== Task directions ==
Starting at the line that contains "Perceeloppervlakte Adriaan Loosjesstraat" and stopping at the line that contains "Shirtracer T-Shirt Zu", transcribe every line of the material below exactly; pictures stay out.

== Provided entries ==
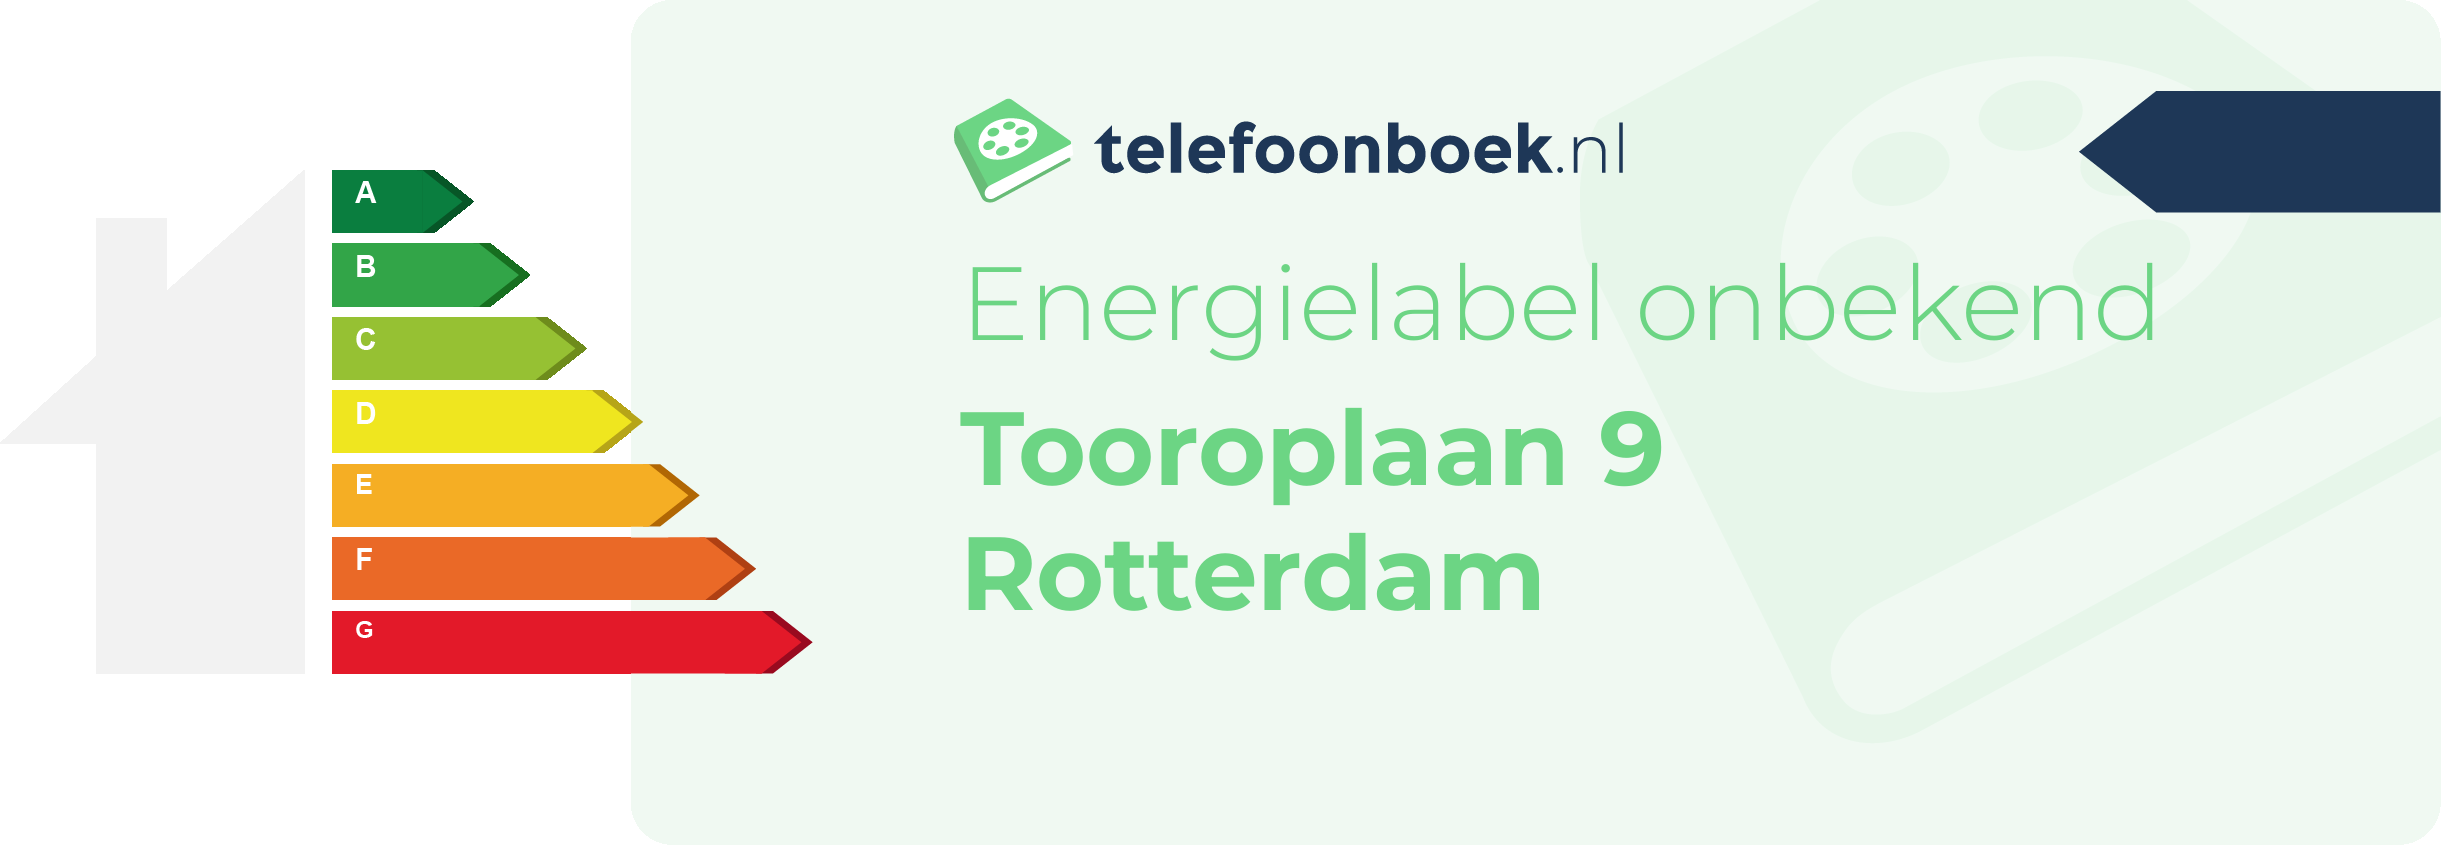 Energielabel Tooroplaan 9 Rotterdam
--
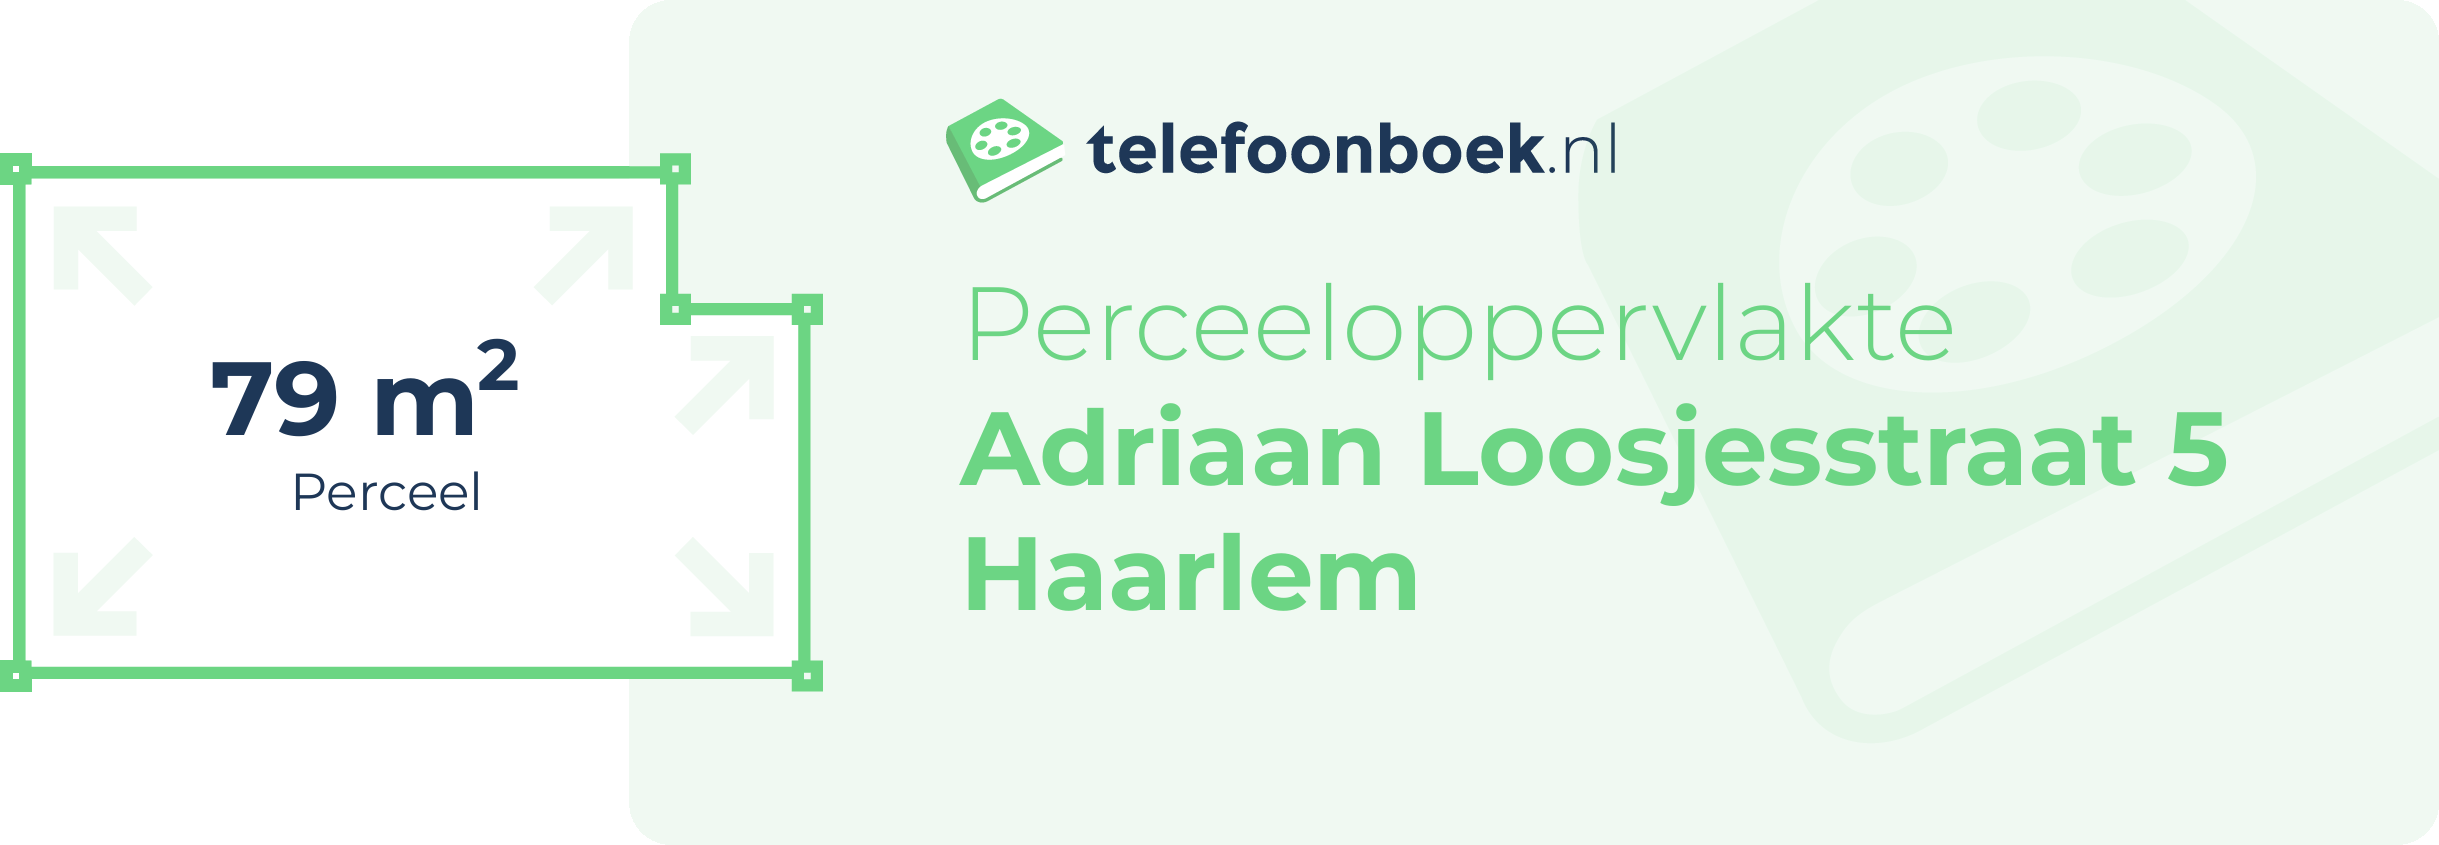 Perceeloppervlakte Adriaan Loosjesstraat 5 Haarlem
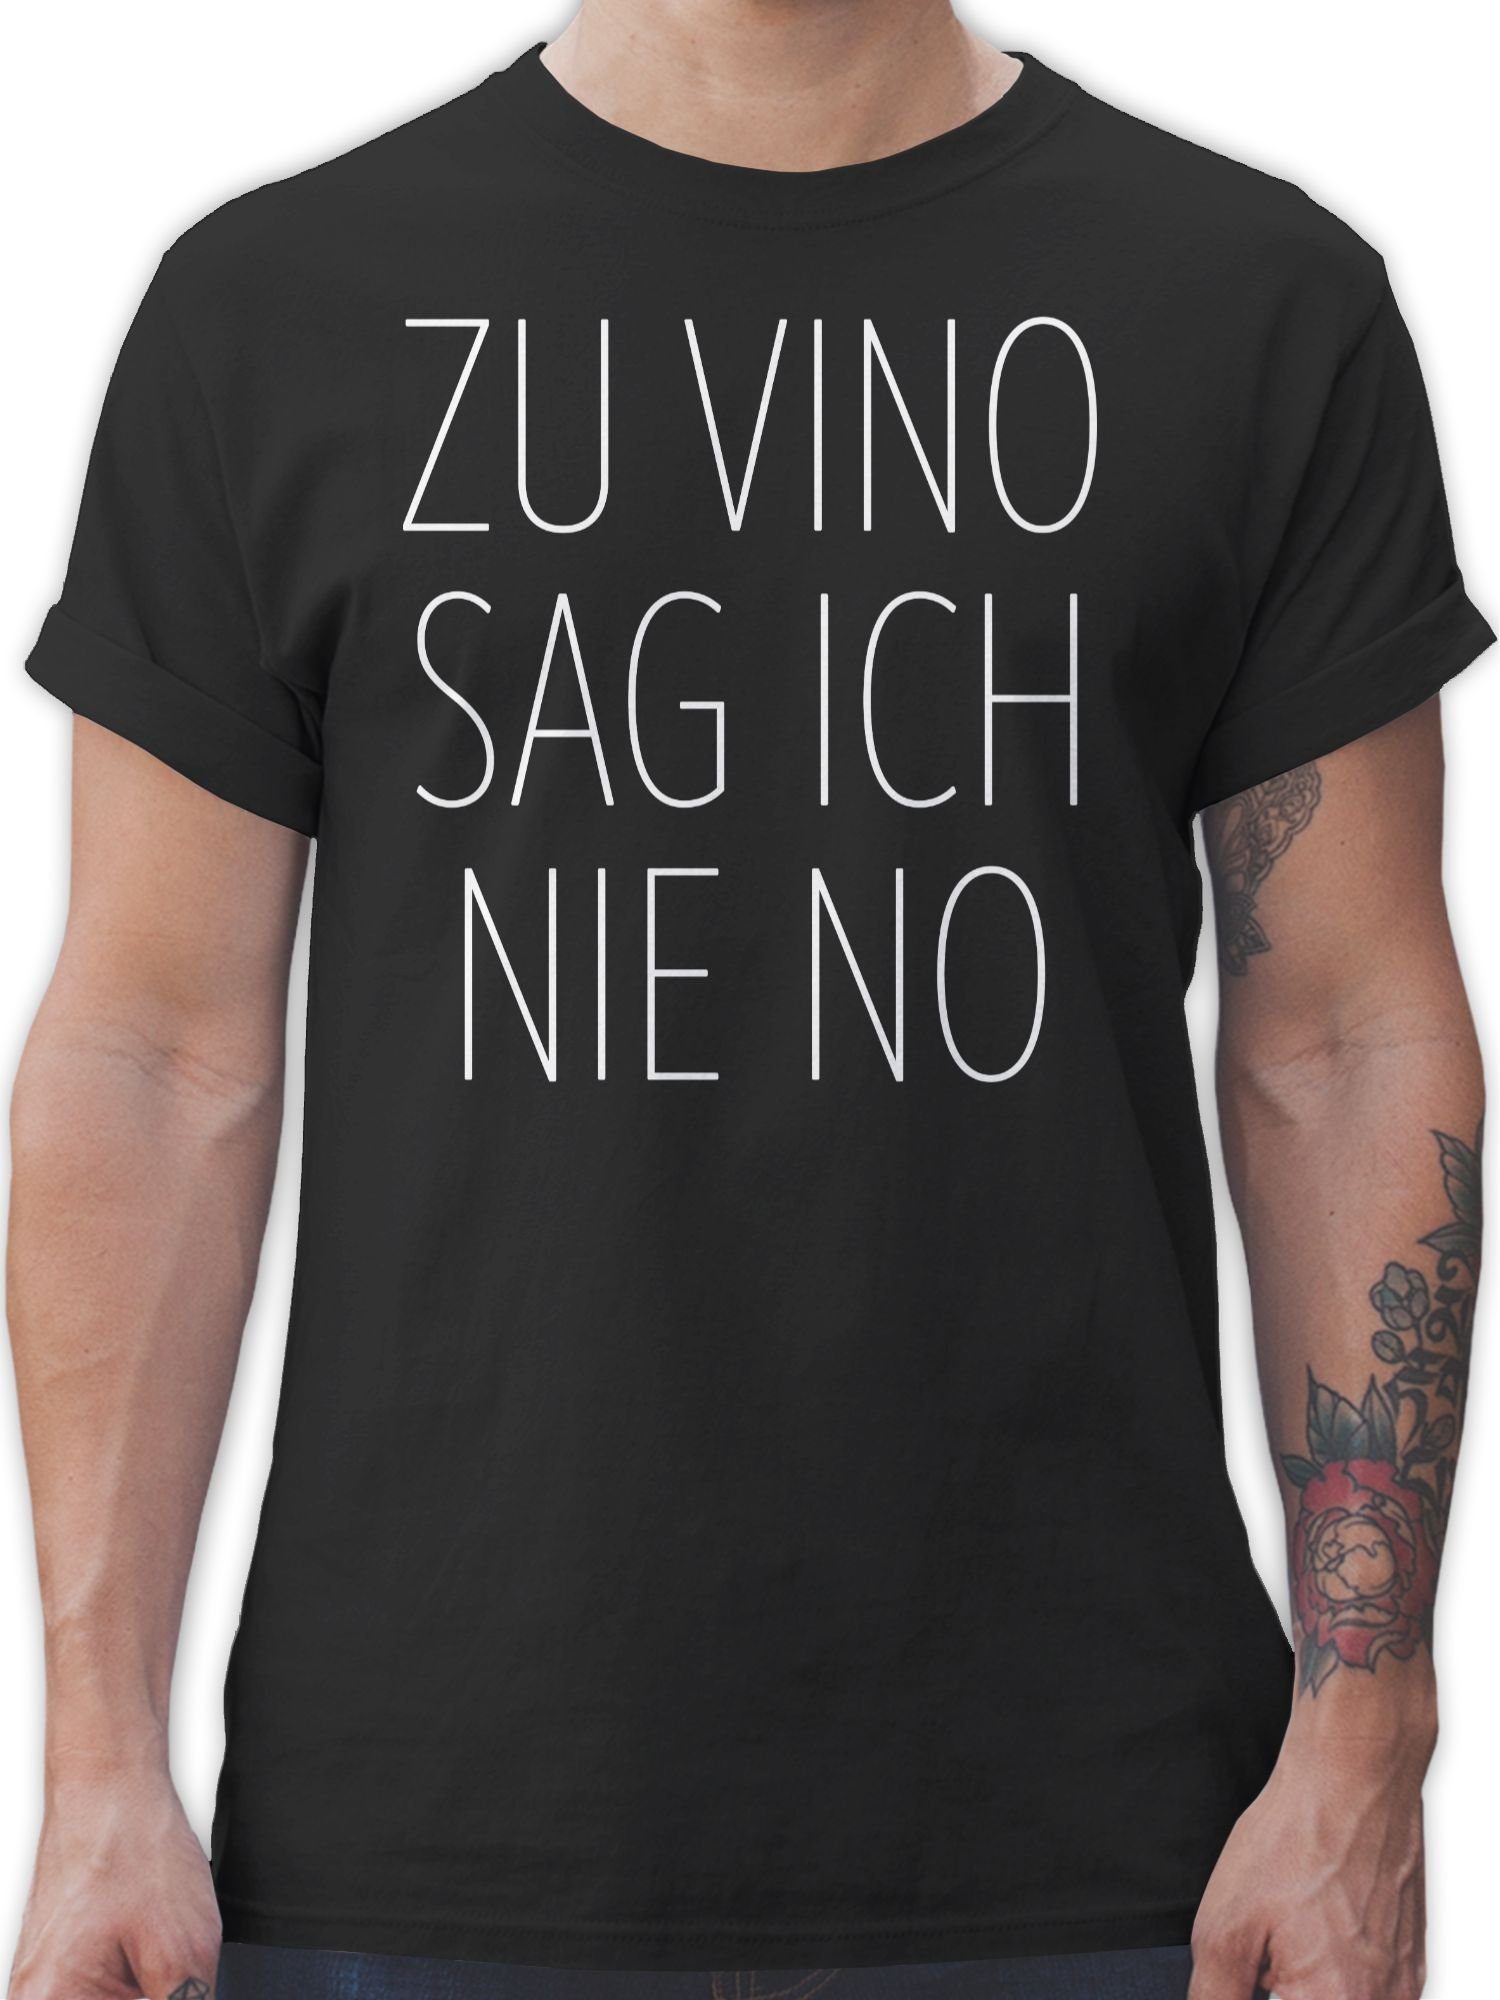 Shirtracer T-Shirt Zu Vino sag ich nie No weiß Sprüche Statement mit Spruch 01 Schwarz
...
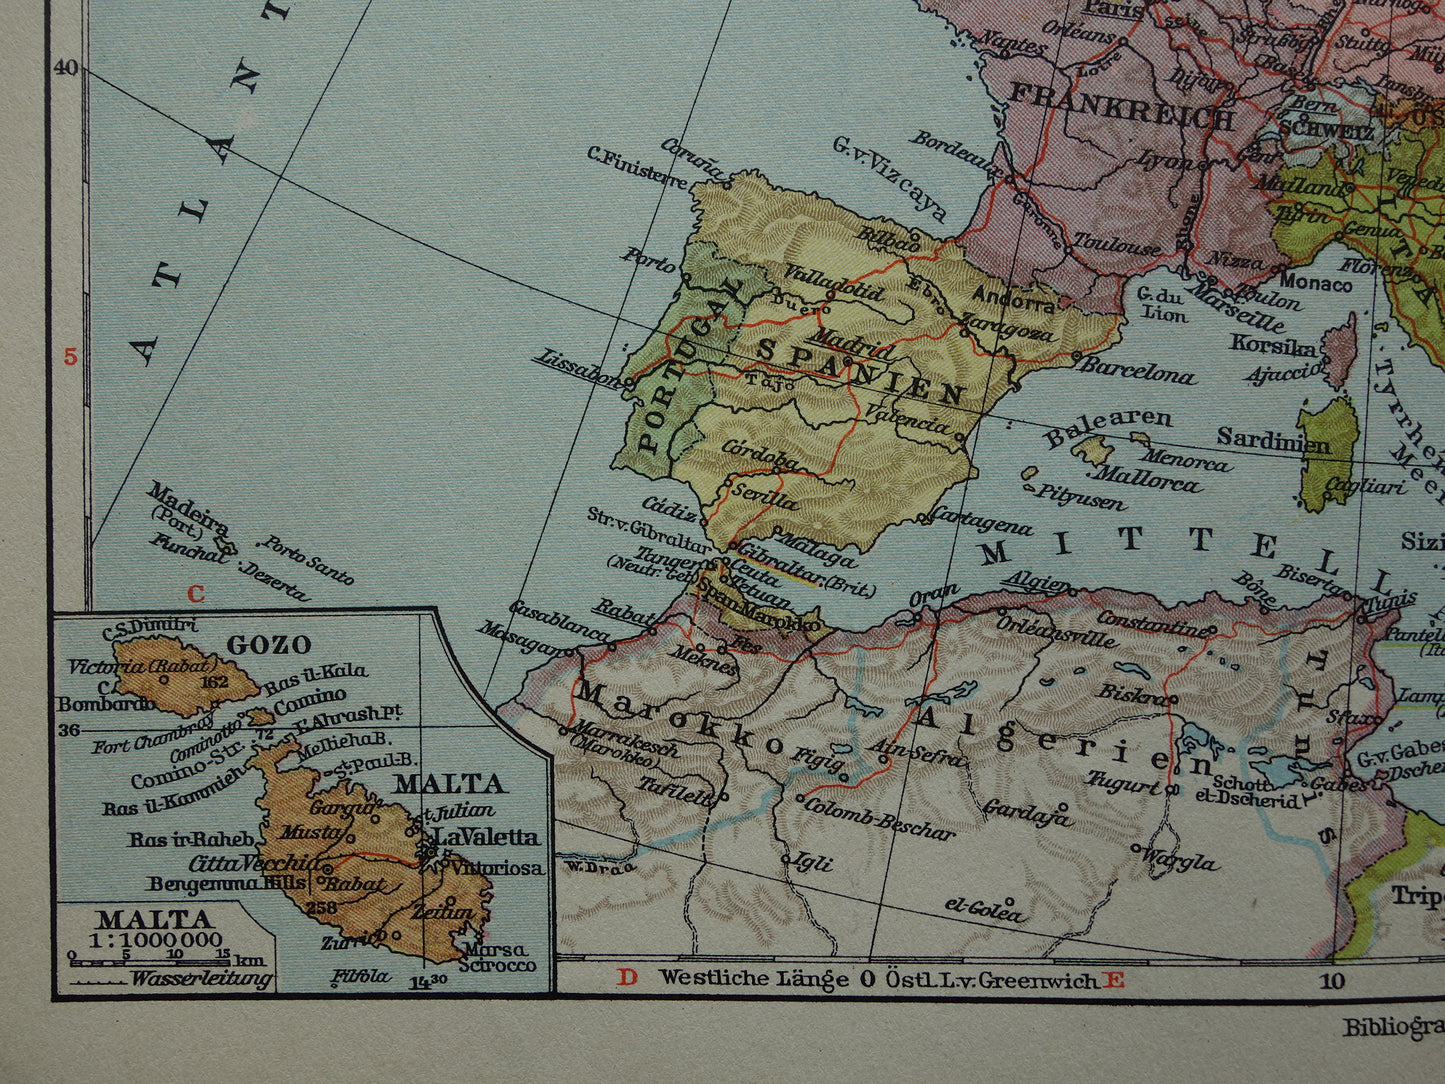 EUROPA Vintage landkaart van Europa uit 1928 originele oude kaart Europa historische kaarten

== Answer box ==
 Perceeloppervlakte Adriaan Loosjesstraat 5 Haarlem
 Shirtracer T-Shirt Zu Vino sag ich nie No weiß Sprüche Statement mit Spruch 01 Schwarz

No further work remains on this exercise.